Le théâtre du Peuple à Bussang dans les Vosges (dessin Pierre Richard-Willm)

"...Ce premier séjour, si rempli et si court à la fois, si enivrant, il ne m'est pas possible d'en évoquer les détails : ils empliraient un livre à eux seuls. Ce fut comme l'épanouissement subit d'un désir prisonnier, la fusée d'un rêve. Ce site si paisible, ce bout du monde (à l'époque), ces senteurs perpétuelles d'herbe et de sous-bois, cette "famille" que j'assimilai aussitôt, comme si tous ses membres, des ancêtres aux bébés, étaient "à moi" depuis toujours, et ce Théâtre, enfin !
Songe d'un poète, venu se poser là comme un beau papillon des forêts, si majestueux dans sa vaste et rustique simplicité, ses couleurs de vieux bois, ses sonorités de violoncelle, si parfaitement à l'aise dans son cadre de hauts sapins, songe devenu réalité : le théâtre du Peuple. Ce nom, ce titre, si loué par les uns (de Tolstoï, une lettre, respectueusement gardée - et regardée, au Foyer du Théâtre - dit son enthousiasme et ses encouragements), si mal compris par d'autres, ne dit que ce qu'il est : Théâtre pour Tous. Et ce ne fut pas une utopie ! Les poètes voient souvent plus juste qu'on ne pense. Depuis le jour de sa création, trois quarts de siècle jusqu'à hier encore, ce théâtre n'a regroupé que des bonnes volontés, désintéressées, anonymes et recrutées dans toutes les classes sociales, avec un naturel et une cordialité qui me surprennent et m'émeuvent encore, après tant d'années. De même pour ce public, si fidèle, si varié, ouvriers, cultivateurs, citadins et lettrés qui, dans la même joie, se côtoient et se sourient aux entractes, sous les ombrages du grand parc.

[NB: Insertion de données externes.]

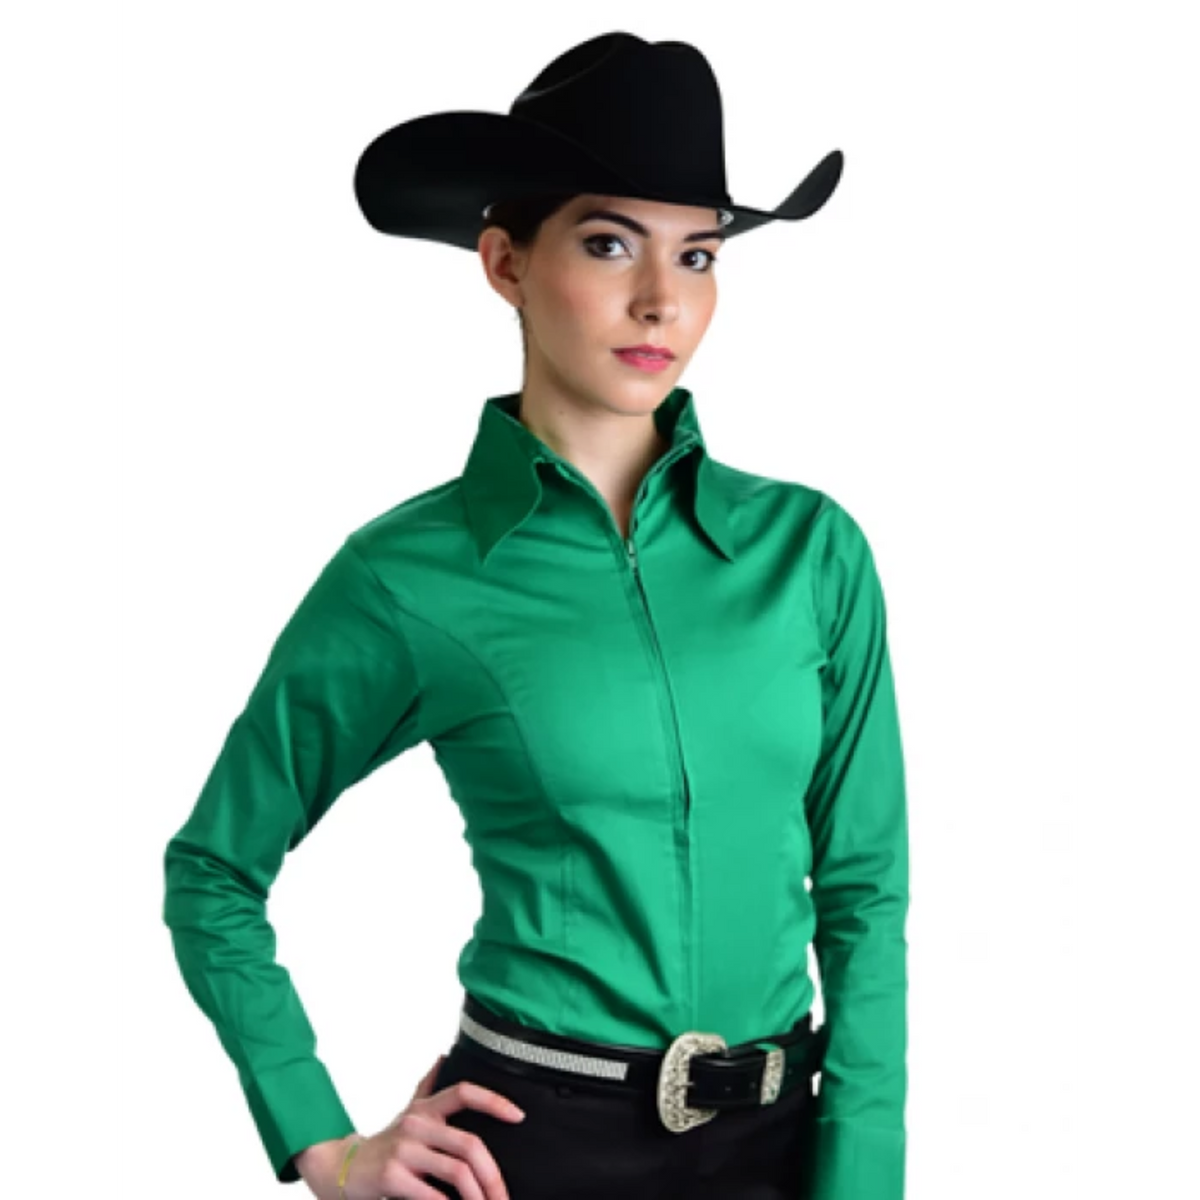 Emerald Green Zip up show shirt

Maurice Pottecher âgé Le secret en est simple : le Padre (ainsi nous l'appelions dans les dernières années de sa longue vie) n'avait jamais fait appel qu'aux sentiments les plus nobles et les plus généreux de l'homme, que ce soit pour louer ou blâmer, pour pleurer ou pour rire. Car, loin d'être un "moralisateur", il n'aimait que toucher les coeurs, ou amuser les esprits de sa vigoureuse mais indulgente malice, toujours clair et accessible à tous. Le succès persistant de ses pièces - même celles datant de la fin du XIXe siècle - à notre époque si changeante, si avide de "jamais vu", montre assez la vitalité d'un art simple et direct qui se voulut toujours en dehors de la mode.